In der Tat gewährt der Vertrag jeder der Seiten das Recht, ihn wegen
außergewöhnlicher Umstände zu kündigen. Die US-Führung hat mehrmals
darüber gesprochen, und dieser Schritt ist für uns nicht unerwartet
gekommen. Wir halten diesen Beschluss aber für einen Fehler.
Bekanntlich verfügt Russland wie auch die USA im Unterschied zu anderen
Atommächten schon seit langem über ein wirksames System für die
Überwindung der Raketenabwehr. Darum kann ich mit voller Sicherheit
erklären, dass die vom US-Präsidenten getroffene Entscheidung keine Gefahr
für die nationale Sicherheit der Russischen Föderation heraufbeschwört.

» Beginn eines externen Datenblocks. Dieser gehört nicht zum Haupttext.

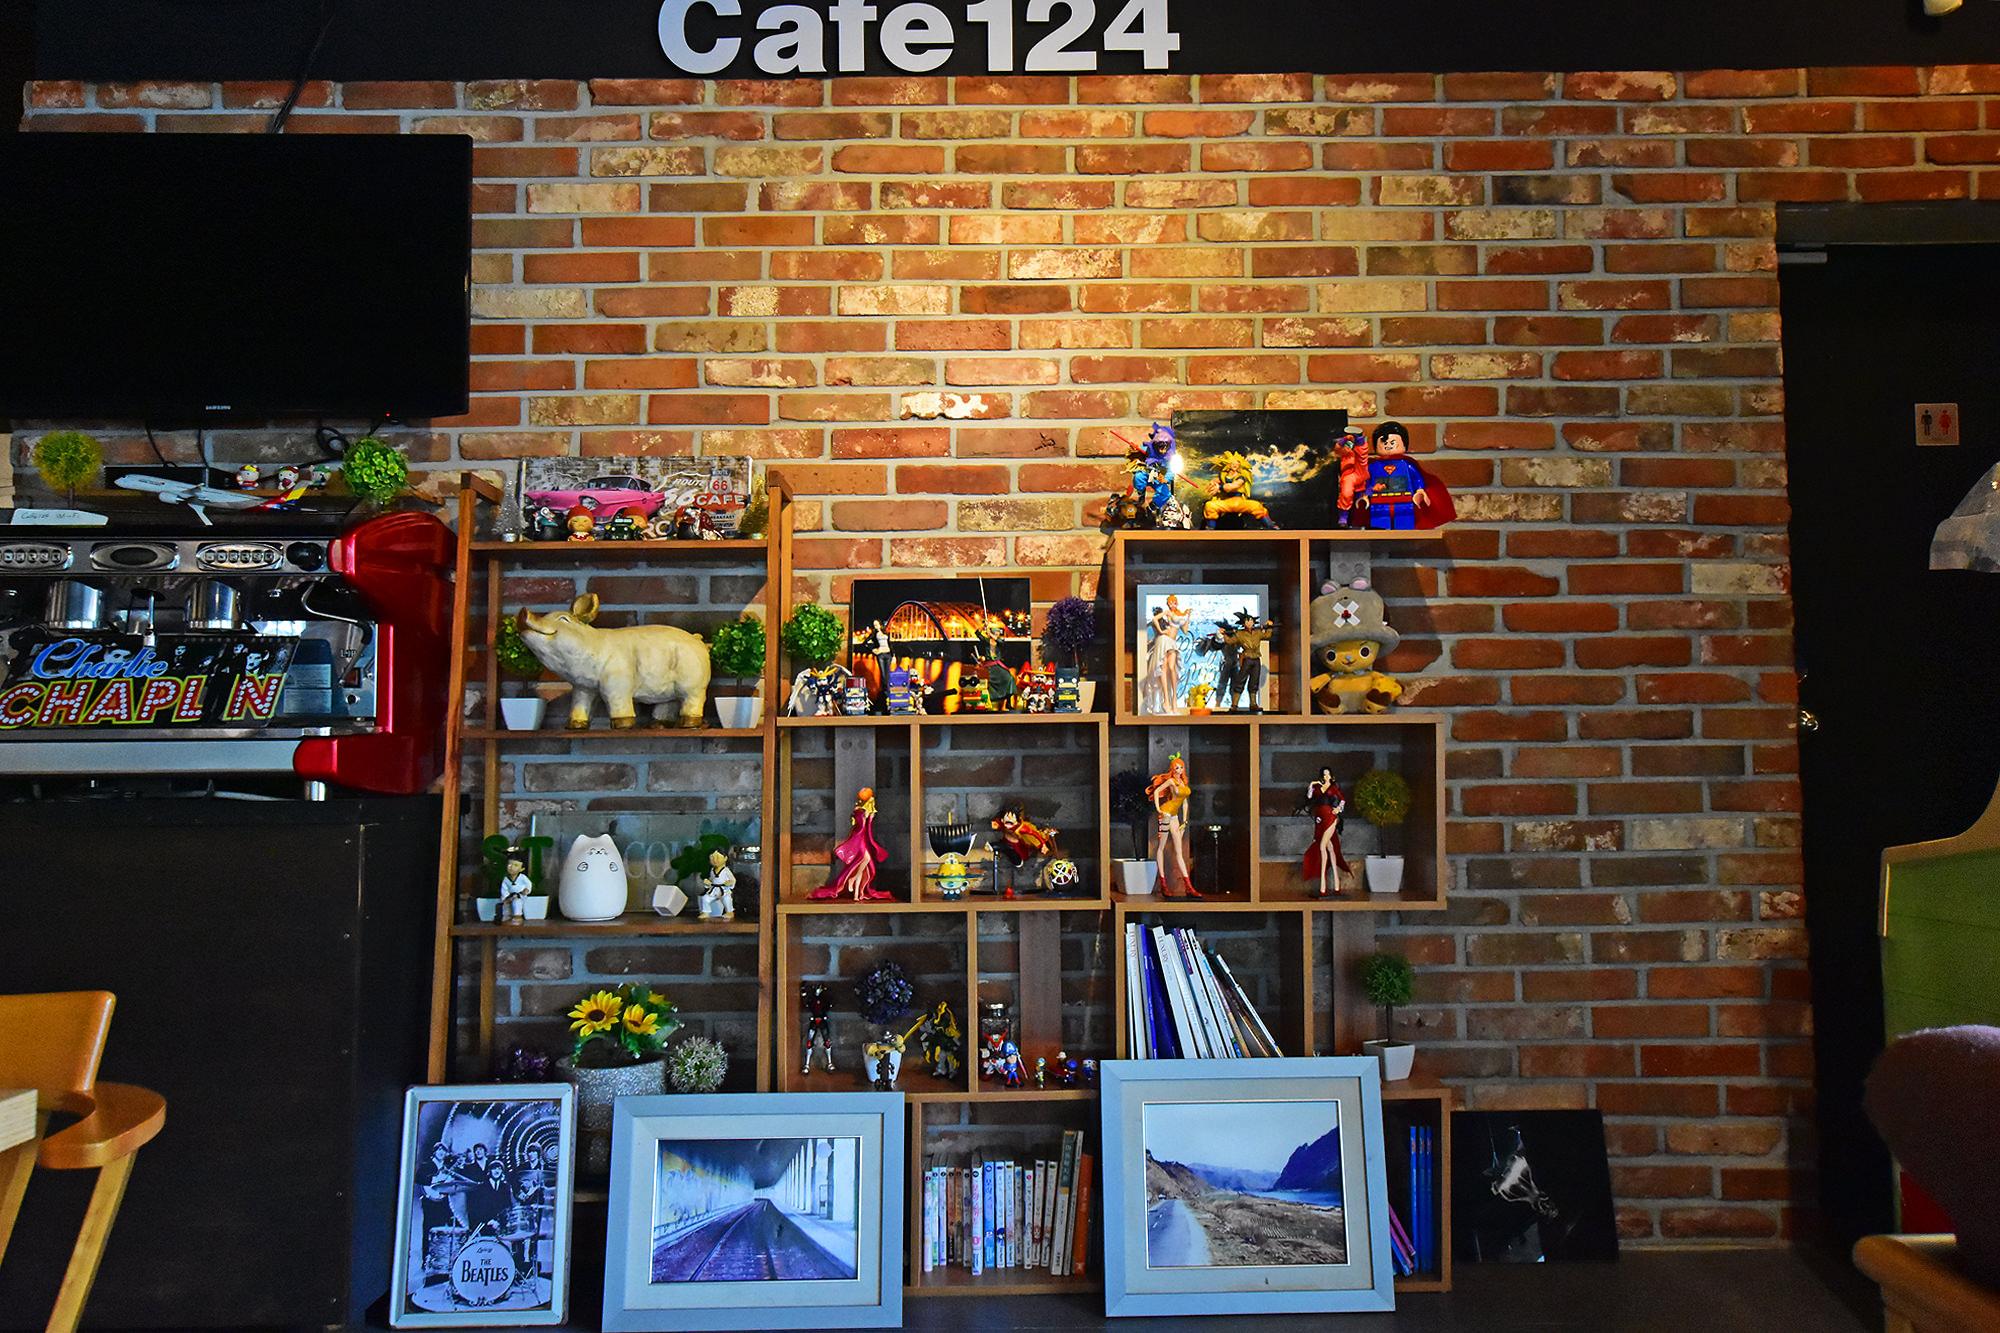 CAFE124 이미지 8

Zugleich hat unser Land den von den USA eindringlich empfohlenen
gemeinsamen Ausstieg aus dem ABM-Vertrag abgelehnt und hat alles nur
Mögliche unternommen, um diesen Vertrag aufrechtzuerhalten. Ich bin heute
noch der Meinung, dass so eine Position richtig und begründet ist. Dabei
ließ sich Russland in erster Linie von der Sorge über die Erhaltung und
Festigung der völkerrechtlichen Grundlagen auf dem Gebiet der Abrüstung
und Nichtweiterverbreitung der Massenvernichtungswaffen leiten.
Der Raketenabwehrvertrag stellt eben solch eine tragende Konstruktion im
Rechtssystem auf diesem Gebiet dar. Dieses System wurde durch gemeinsame
Bemühungen im Laufe der letzten Jahrzehnte aufgebaut.
Wir sind davon überzeugt, dass die Entwicklung der Situation in der
gegenwärtigen Welt nachdrücklich eine bestimmte Aktionslogik erfordert.
Heute, wenn sich die Welt mit neuen Gefahren konfrontiert sieht, darf man
ein rechtliches Vakuum im Bereich der strategischen Stabilität nicht
zulassen sowie Regime der Nichtweiterverbreitung von
Massenvernichtungswaffen nicht untergraben.
Aus meiner Sicht soll das jetzige Niveau im bilateralen Verhältnis
zwischen der Russischen Föderation und den USA nicht nur beibehalten
bleiben, sondern auch für eine baldigst mögliche Ausarbeitung von neuen
Rahmen in den strategischen Beziehungen genutzt werden.
Neben dem Problem der Raketenabwehr kommt unter diesen Bedingungen auch
der rechtlichen Ausgestaltung von erreichten Vereinbarungen über die
weiteren radikalen, nicht umkehrbaren und kontrollierbaren Kürzungen der
strategischen Offensivwaffen, von unserem Standpunkt aus, bis auf das
Niveau von 1500 – 2200 nuklearen Geschossen auf jeder Seite eine besondere
Bedeutung zu.
Abschließend möchte ich betonen, dass Russland auch weiterhin seinem
prinzipiellen Kurs in den internationalen Angelegenheiten fest Folge
leisten wird, der auf eine Konsolidierung der strategischen Stabilität und
der internationalen Sicherheit gerichtet ist.